Gyrating her hips, the girl’s movements increased until it actually felt like I had penetrated her. We finally came at the same time, me launching about a shot glass’ worth of semen onto my stomach and fresh sheen of wetness coating the girl’s womanhood. At the feeling of ecstasy, I gave a deep grunt and the girl gave a shrill and rather adorable whine before she collapsed on top me.
"We’re so close, we can already bring each other happiness."
"Any chance we could take it a step further?" I asked, placing my hands on the sides of her face and brushing aside her long crimson hair.

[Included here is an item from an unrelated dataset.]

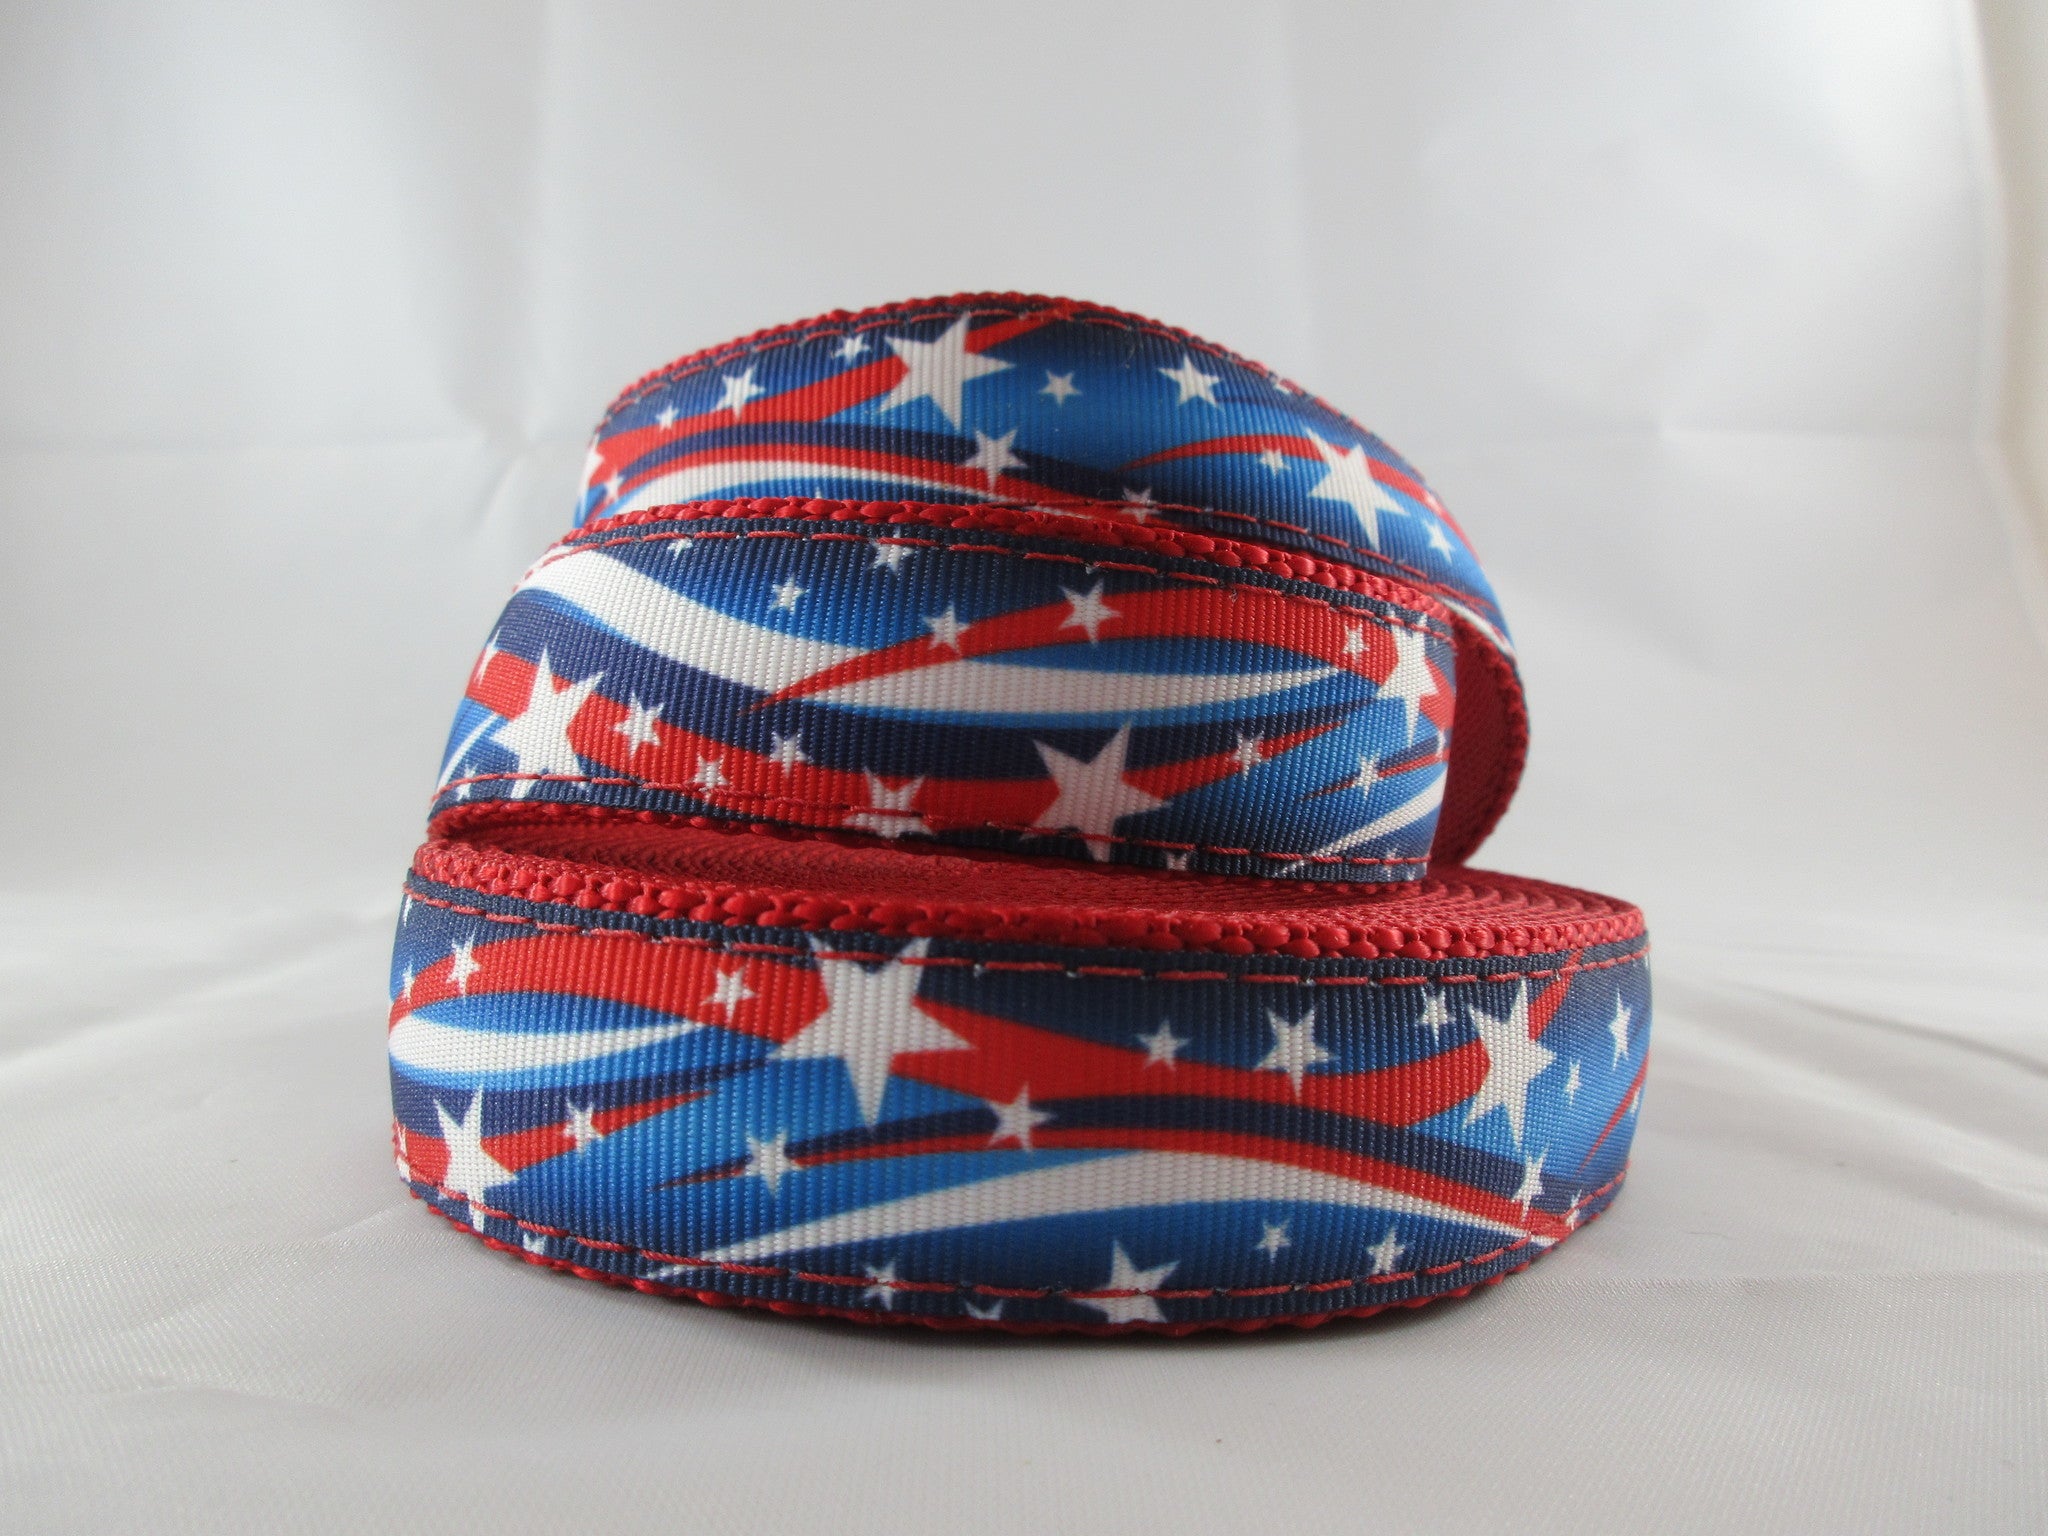 3/4" Star Spangled Pig Harness - Penny and Hoover's Pig Pen

"No. Close as we are, we cannot yet bond ourselves in that way. Only when we both live will we be able to create life for ourselves. Soon, we will be able to give each other and ourselves unending euphoria. Wait for me."

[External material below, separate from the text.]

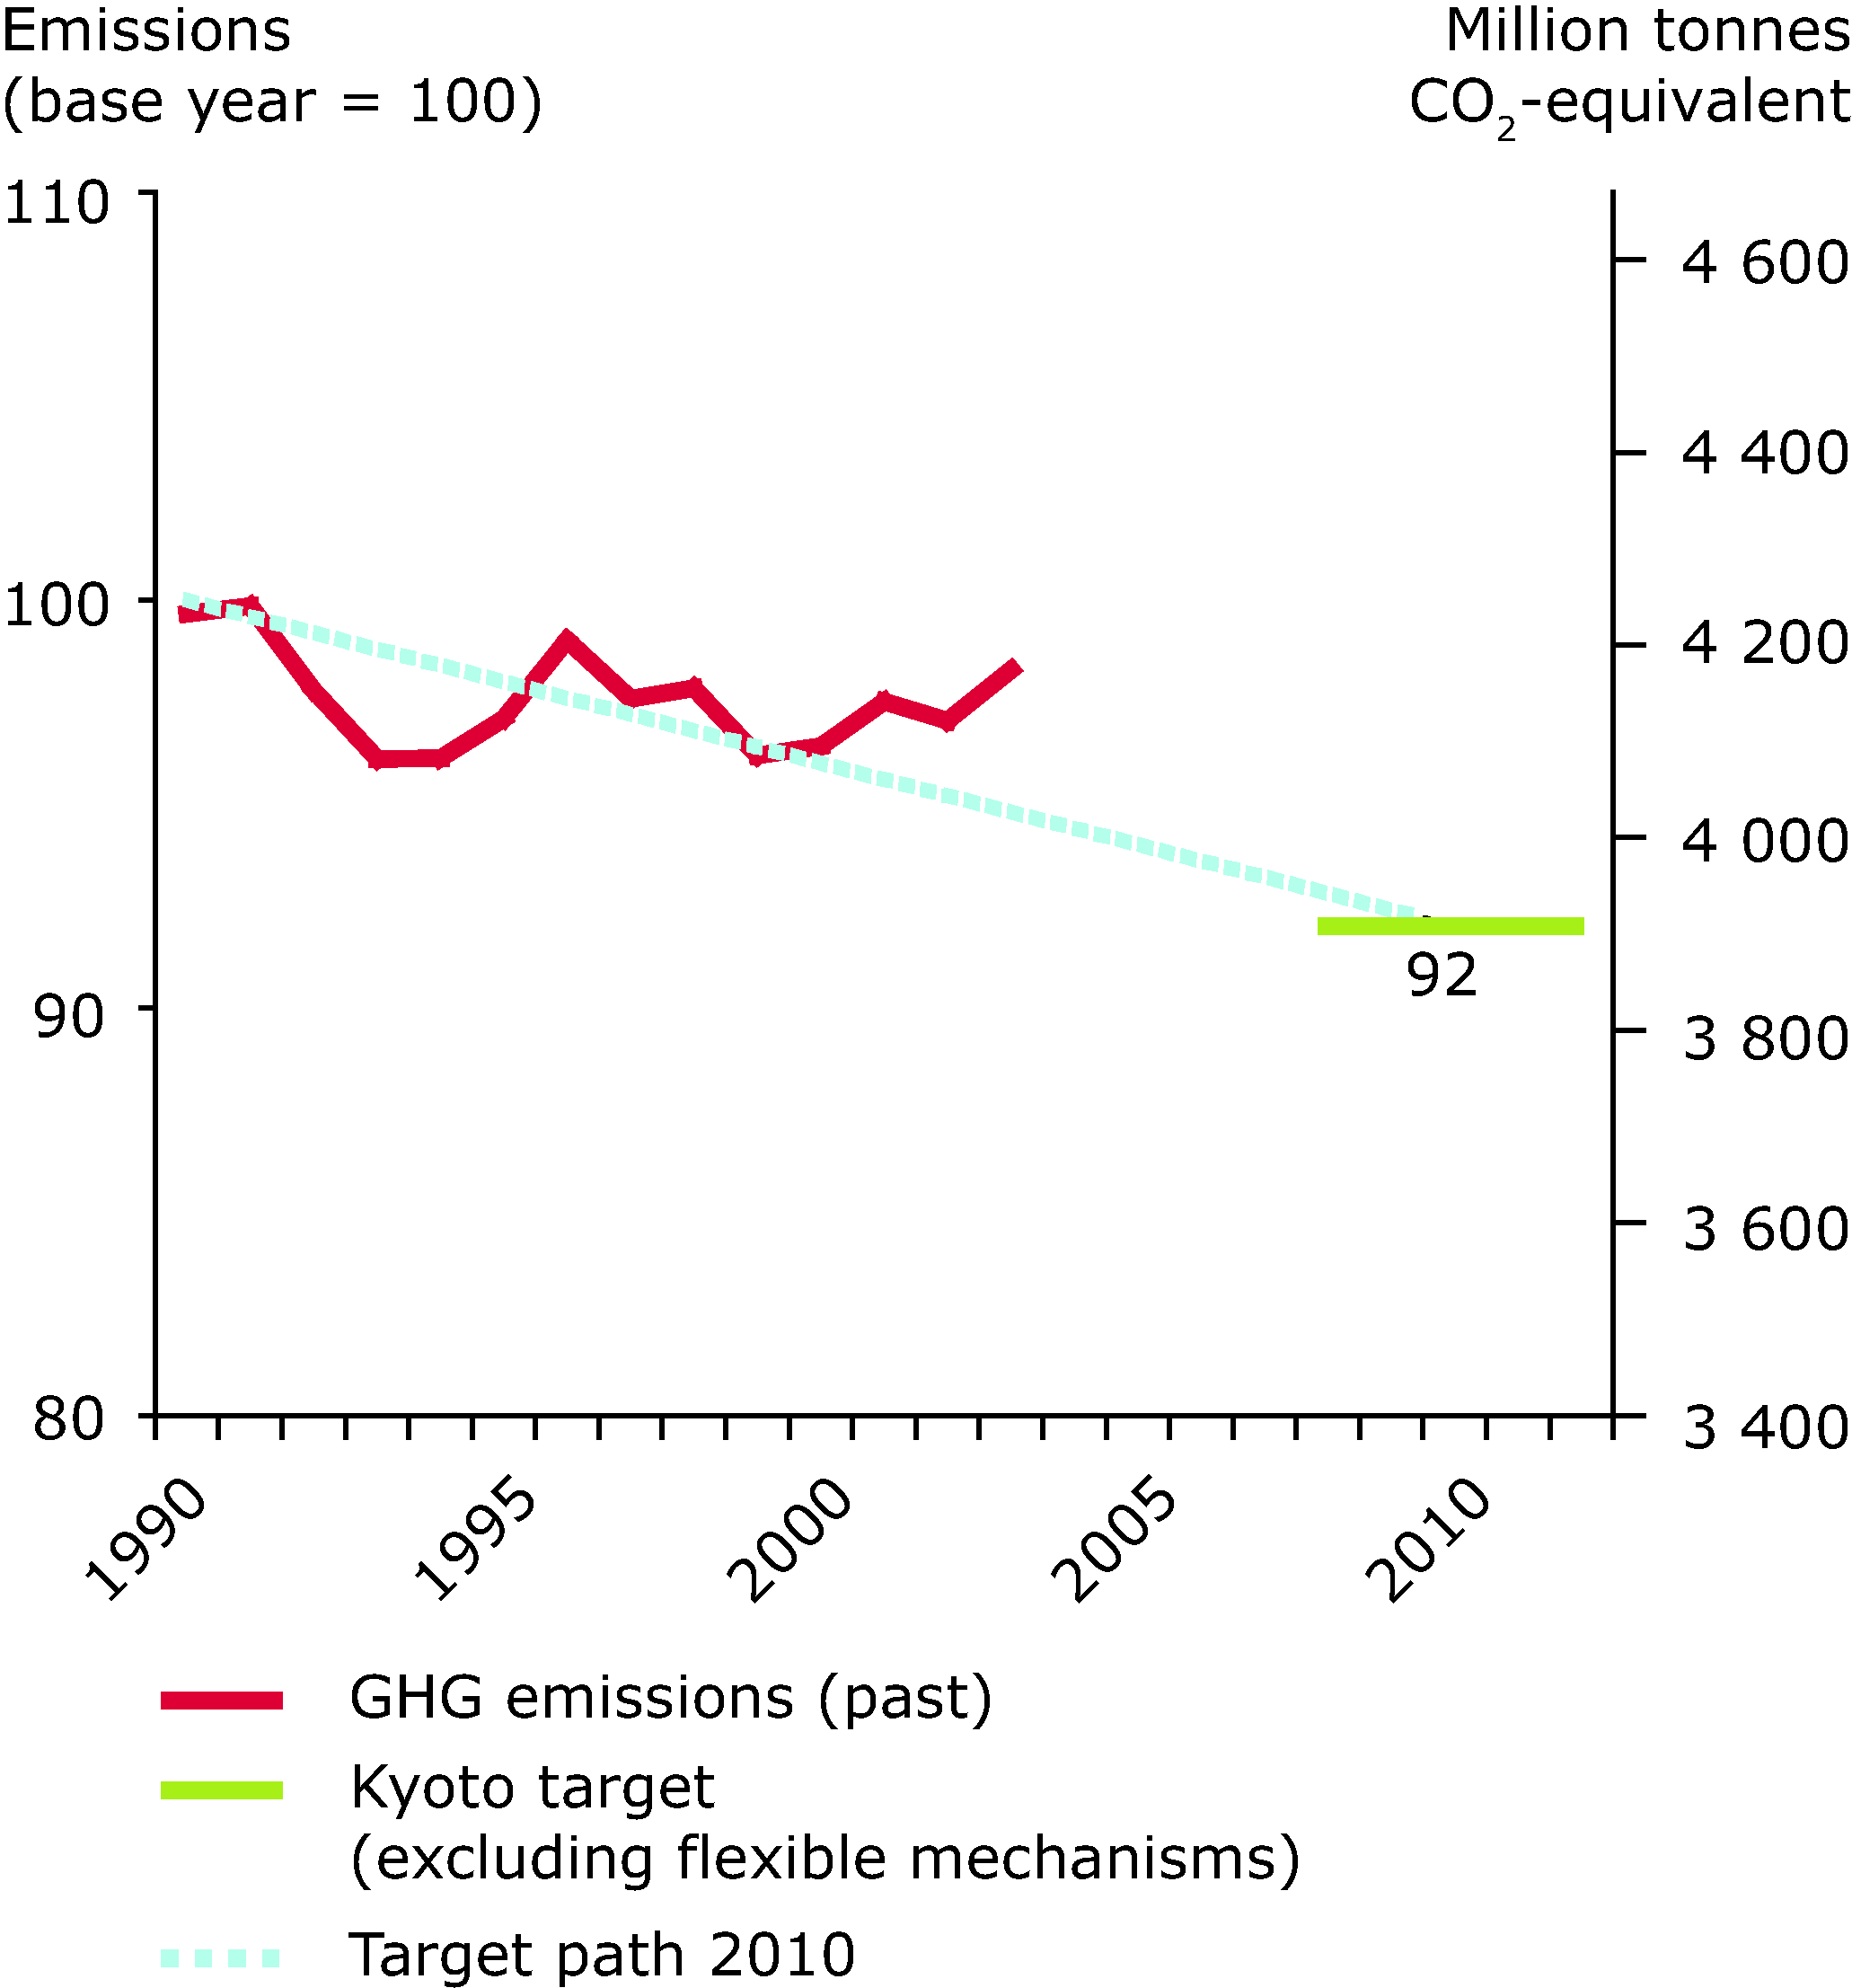 Development of EU-15 greenhouse gas emissions from base year to 2003 and distance to the (hypothetical) linear EU Kyoto target path (excluding flexible mechanisms)

"But I don’t know what I’m waiting for… And I don’t know if I can wait much longer. Every day, my ability to endure this pain lessens. I’m losing my sense of touch, my sight and hearing are failing, and my body is wasting away because I cannot hold food down. I just want to die. I just want it all to stop. If I end it all, then I can spend eternity with you."
The girl lowered her head and kissed me, brushing aside my fear. "We will spend all of eternity together, but wouldn’t that eternity mean even more if it also meant a lifetime? Just wait, and I will turn this realm into heaven for you. Here, let me give you something, something to hold you over until our day comes."
Smiling, she moved down to my deflating manhood. Lowering her head, she began licking up the semen I had ejaculated just a minute ago, humming in joy like it was chocolate syrup. Watching her tongue lap up my seed, I felt my cock re-harden, which she lovingly stroked with her hand.
After licking up every drop, she held her head just above my manhood, stroking it with her hand and working out any softness. "Now, let me bring you happiness."
She then took the whole thing into her mouth, swallowing it with ease and bringing her lips all the way down to the base. At both the sight and feeling of her sucking me off, I immediately had my second orgasm and shot a dose of semen down her throat. The girl quickly pulled her head back and coughed, but before I could apologize, she smiled.
"Don’t worry, it’s fine. Just try and hold back a little, let me enjoy this too. Besides, it’s delicious," she said coyly.
Holding back? Hell, that was easy, I doubt I had any sperm left to release, but with her hand stroking my cock and that hungry expression on her face, I couldn’t lose my erection if I wanted to.
Bringing her head back down, the girl resumed blowing me, but this time taking it slow. She started simply by running her tongue around the head, licking away any sperm that remained from my first or second orgasm. She then moved to the shaft, delivering long wide sweeps, almost tracing each vein and sending shivers up my spine. After physically memorizing every detail of my cock, the girl again wrapped her mouth around it completely, bringing her head down so the tip was crammed against the back of her throat. Moving each time with an upward inflection, she began bobbing her head with a steady rhythm, massaging my dick with her tongue and cheeks while her saliva dripped down into my lap.
As she worked, I watched with a smile and gently stroked her hair and brushed my fingers against her cheeks, trying to communicate my gratitude without interrupting her. Through her efforts, I could feel my body working up the strength for one last climax. It would probably be a dry fire, but it would be no less powerful. Sucking on my dick like it was the straw in a particularly thick milkshake, the girl broke through the final threshold I needed and I finally came, spraying every last drop of semen I had into her mouth and on her face when she finally released it.
I laid my head back, completely drained of both energy and cum. After swallowing all of my seed and cleaning it off her face, the girl sat on my lap and ran her fingers through my hair. "Name me, so that I may exist solely for you, so that I may bring you happiness and ease your suffering. Then when you regain the will to live, you will exist solely for me, and this world will become paradise for all the days of our lives."
She kissed me on the forehead, the feel of her lips being the last sensation as I fell back to sleep.